Your kid comes home from school every day overstimulated, exhausted, and stimming hard. The teacher says everything is fine. The IEP team report says progress on goals. You know what you're seeing, and what you're seeing isn't fine. Here is how to push that conversation back to real data, request the meeting that matters, and use IDEA the way it was actually written.
Start with the home data, not the school's narrative
The school sees your kid for the six hours they can hold it together. You see the four hours afterward when they cannot. The home data is real data. Start logging:
- What time they come home
- How long until the meltdown / shutdown / freeze begins
- What triggers seem to set it off (transition, food, sibling noise, screen request denial)
- How long until regulation returns
- What helped them recover
Two weeks of home log is enough. That log is the evidence the IEP team has never seen. They cannot pretend the school day is going fine when the same kid is in meltdown every afternoon.
Request an IEP meeting in writing
Federal law (IDEA, 34 CFR 300.324) gives you the right to request an IEP team meeting at any time. The school has to respond. Make the request in writing — email is fine. State the reason ("I have data from the past two weeks showing the current IEP is not meeting my child's needs"). Attach the home log. Ask for the meeting within 30 days.
The phrases that work in IEP meetings
School staff are trained to use defensive procedural language. You need plain-language responses that force specifics:
- "Where is the data that shows that?" — when they assert your child is fine
- "What is the present level of performance that you are basing that goal on?" — when goals look vague
- "How will we measure that?" — when accommodations sound abstract
- "I'd like that documented in the IEP, please" — when they verbally agree but won't write it down
The last one is the most important.
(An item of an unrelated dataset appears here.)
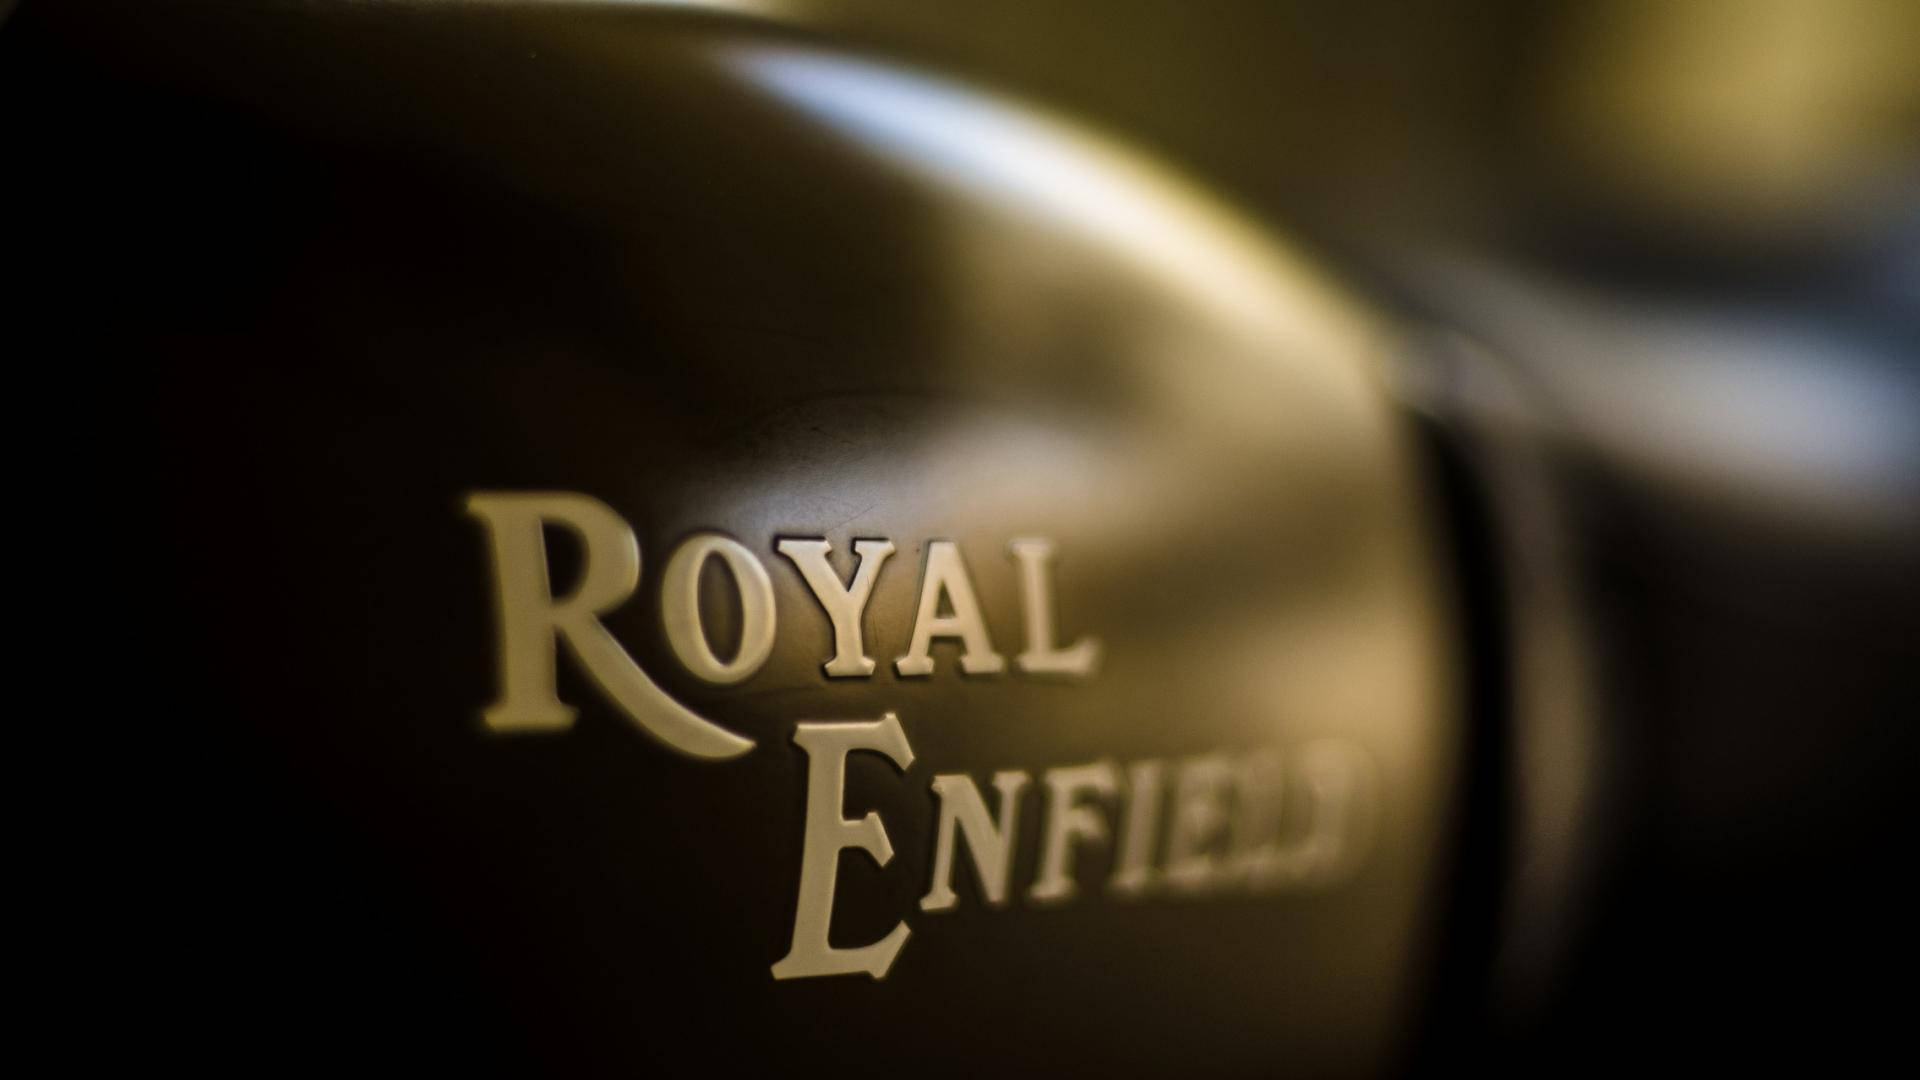 Royal Enfield Hd Brand Name Closeup Background
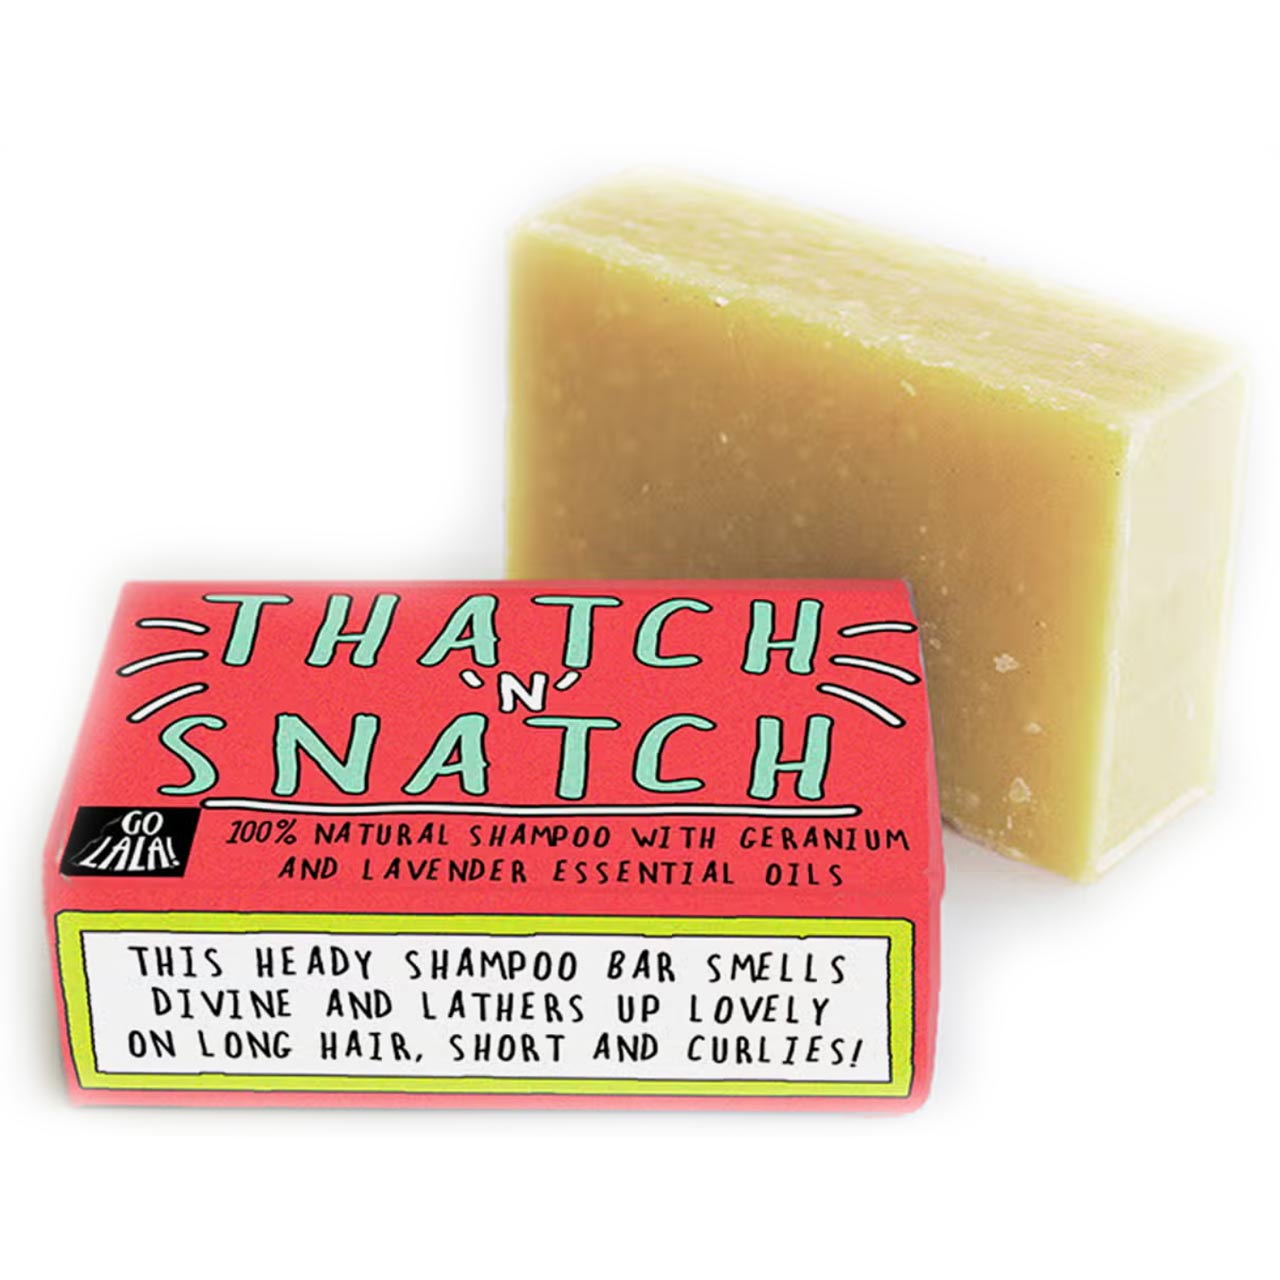 Thatch 'n' Snatch Natural Shampoo Bar

If it is not in the IEP in writing, it does not exist legally. Verbal agreements are not binding. Get it in writing or it is not real.
When the meeting goes wrong
If the school will not adjust the IEP based on the data you bring, you have three escalation paths:
- Request an Independent Educational Evaluation (IEE) at district expense — 34 CFR 300.502 gives you this right when you disagree with the school's evaluation. Use our IEE request tool to generate the letter.
- File a complaint with your state Department of Education — every state has an investigative process for IDEA violations. Faster and cheaper than due process.
- Due process — the formal hearing. Slow and expensive. Last resort, but real.
The school will rarely fight when you have written home data + a documented meeting request + the IEE-request letter. The system is designed to back down when you know which paragraph of which regulation you are standing on.